> **DATASET EXTRACT**
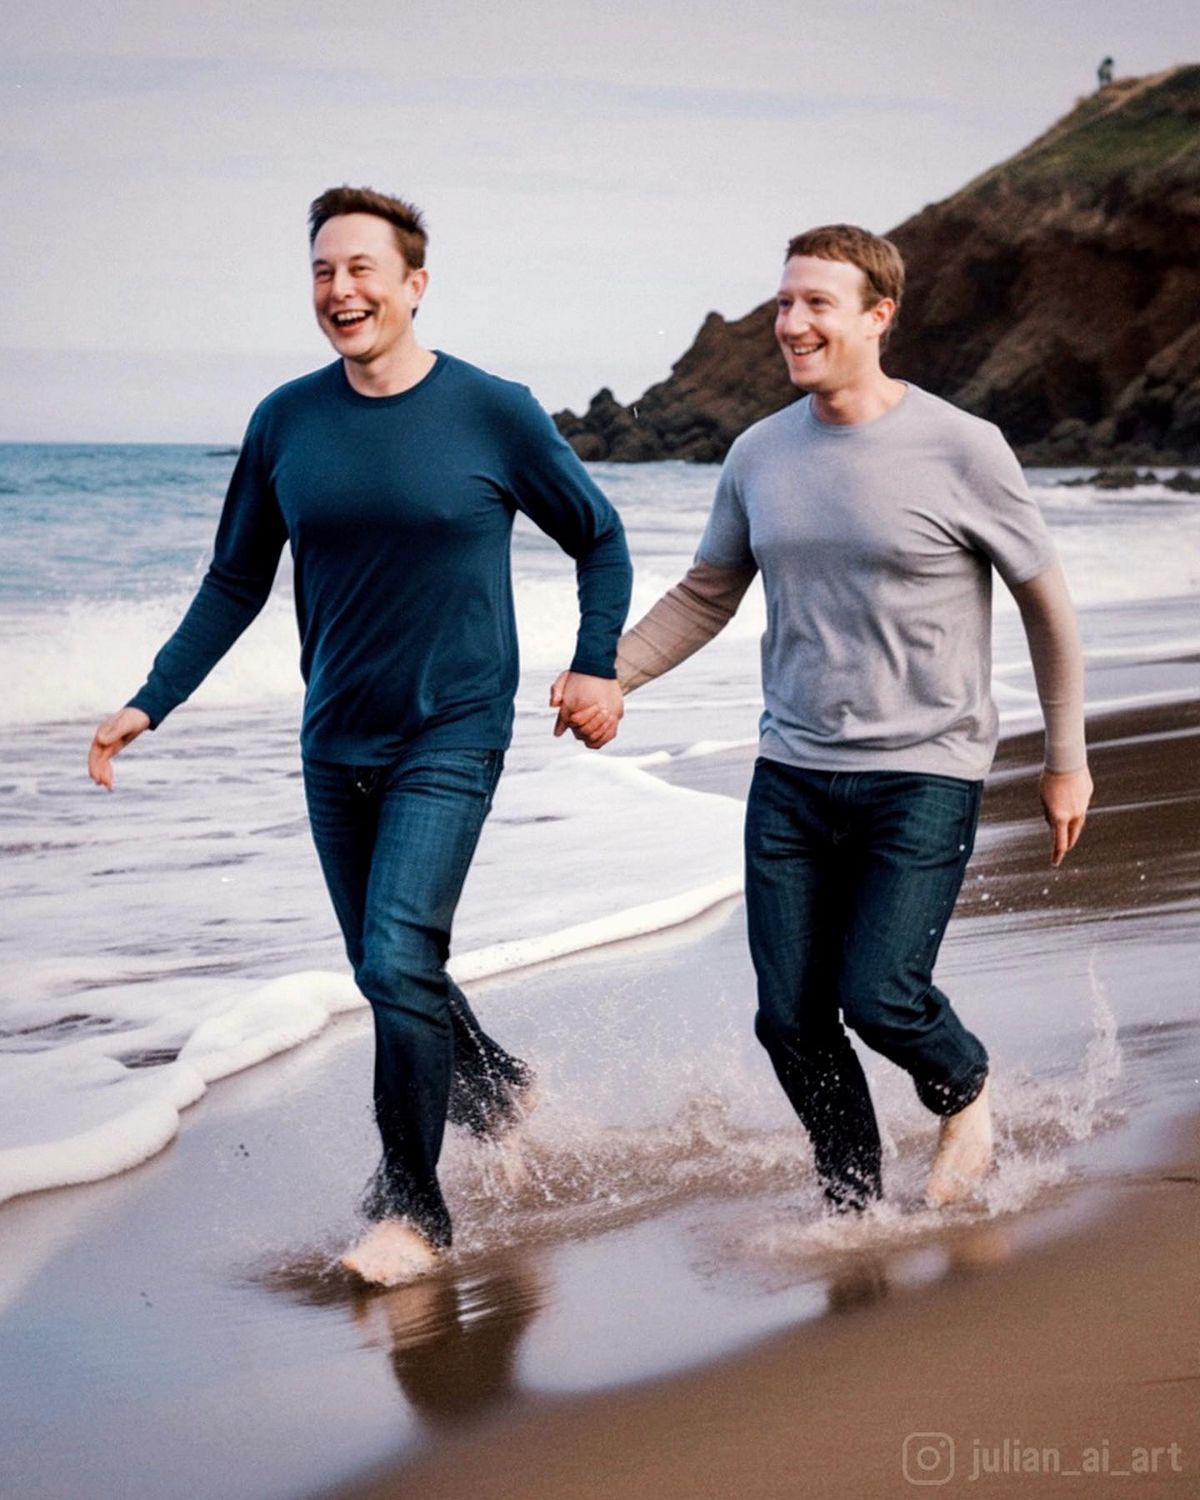 L’une des autres images 
 montre Elon Musk et Mark Zuckerberg se tenant la main tout en gambadant sur le rivage.
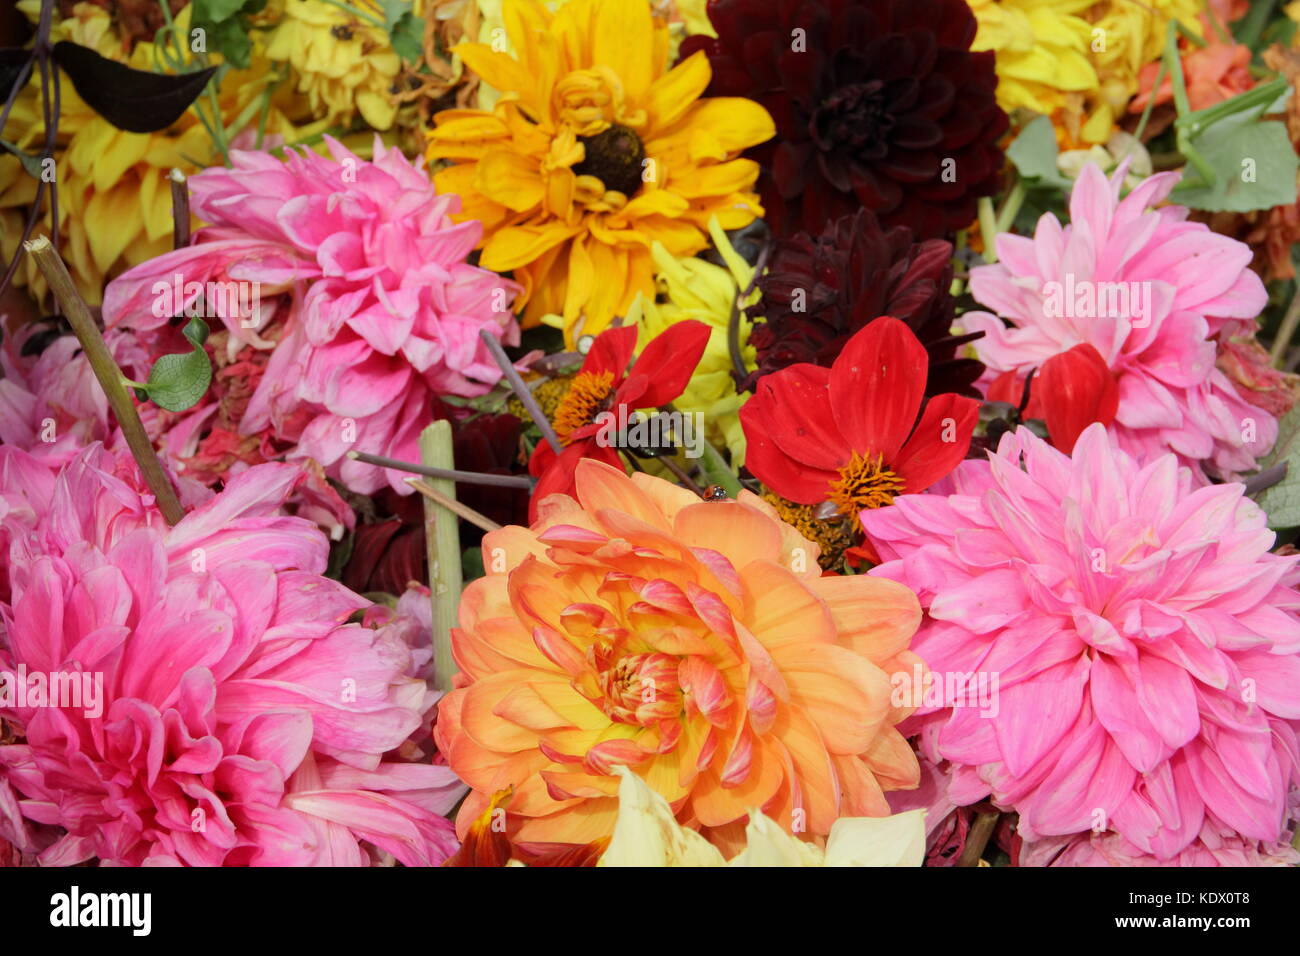 Vient buter des fleurs de dahlia, enlevé pour promouvoir la floraison continue Banque D'Images
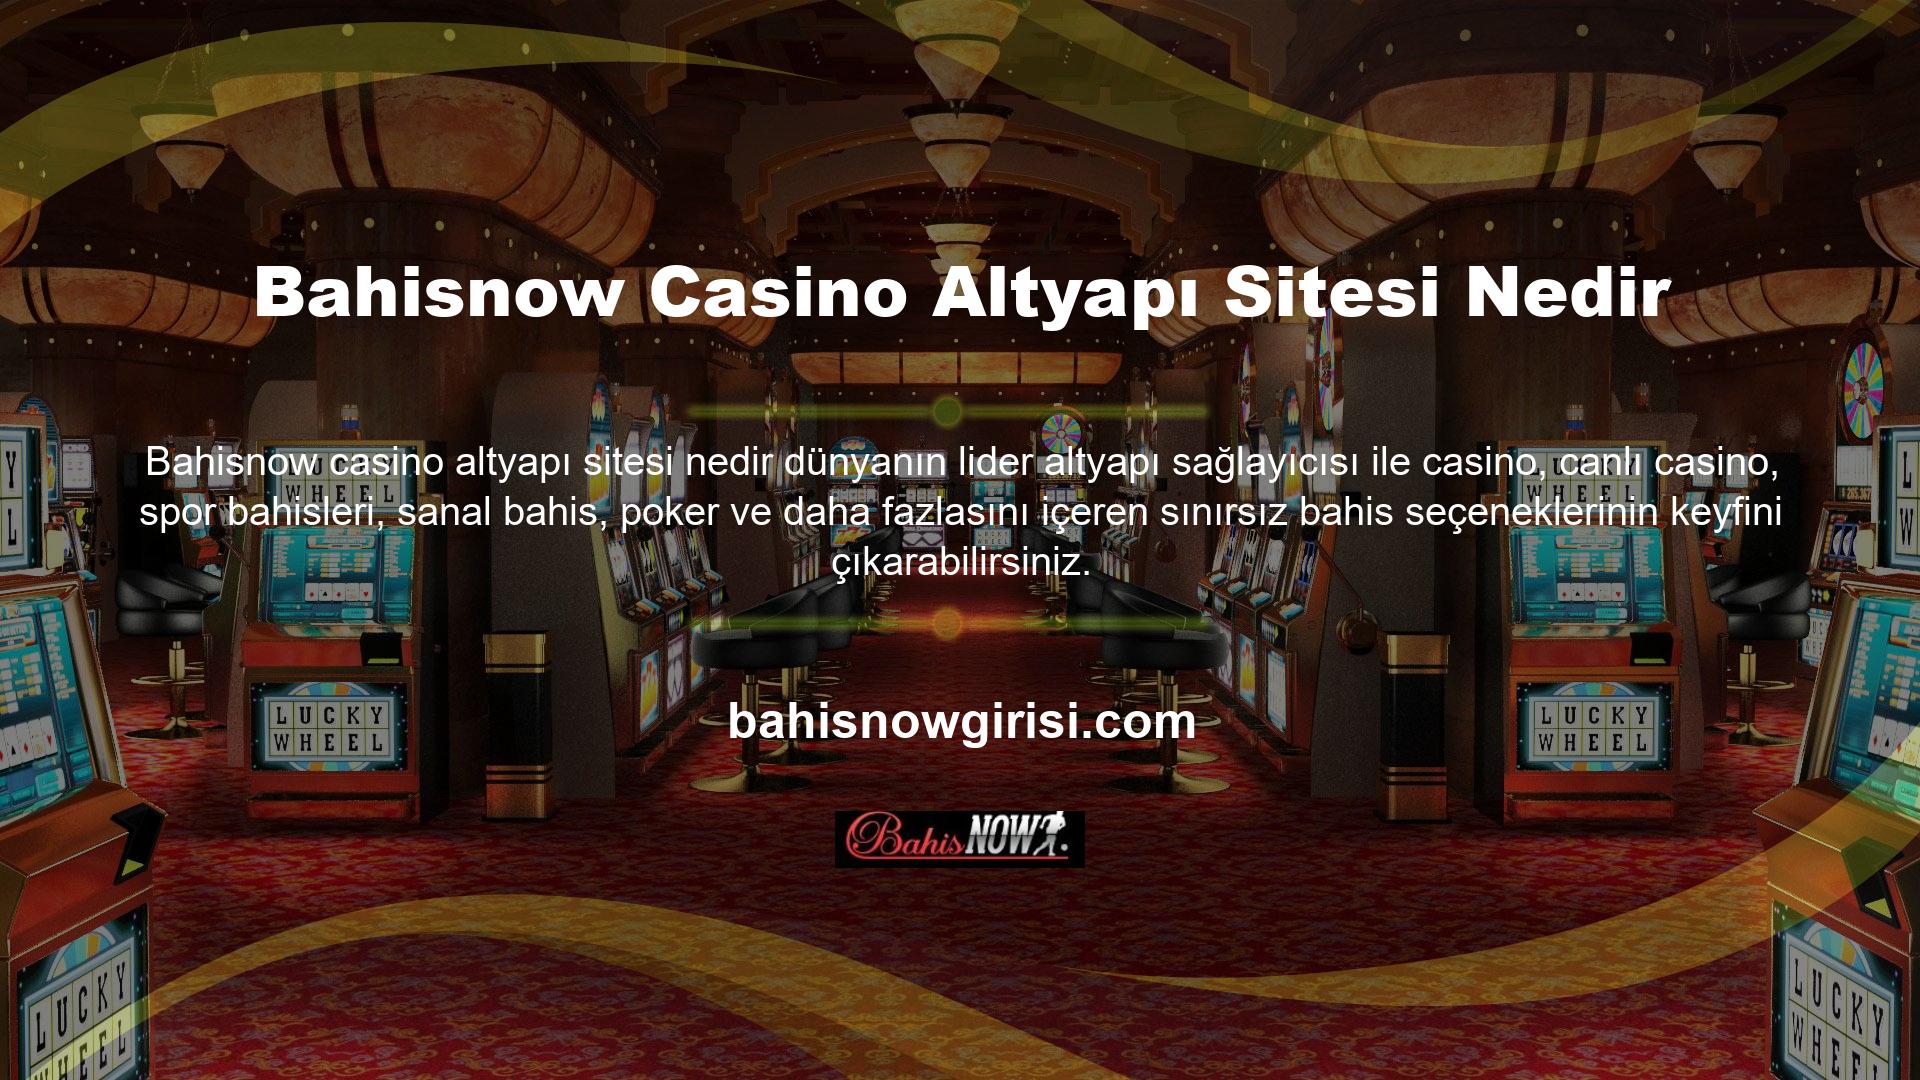 Bahisnow casino altyapı sitesi nedir? Bu casino sitesi aynı zamanda Türkçe, Almanca, İngilizce, Fransızca ve Rusça dillerinde de hizmet sunmakta, dünyanın her yerinden kullanıcı ağırlamakta ve şikayetlere hızlı bir şekilde yanıt vermektedir

> **EXERCISE PROMPT**
Return all of the lines above without alteration, minus the pictures.

> **SOLUTION TO THIS TASK**
 L’une des autres images 
 montre Elon Musk et Mark Zuckerberg se tenant la main tout en gambadant sur le rivage.
 Vient buter des fleurs de dahlia, enlevé pour promouvoir la floraison continue Banque D'Images
 Bahisnow casino altyapı sitesi nedir? Bu casino sitesi aynı zamanda Türkçe, Almanca, İngilizce, Fransızca ve Rusça dillerinde de hizmet sunmakta, dünyanın her yerinden kullanıcı ağırlamakta ve şikayetlere hızlı bir şekilde yanıt vermektedir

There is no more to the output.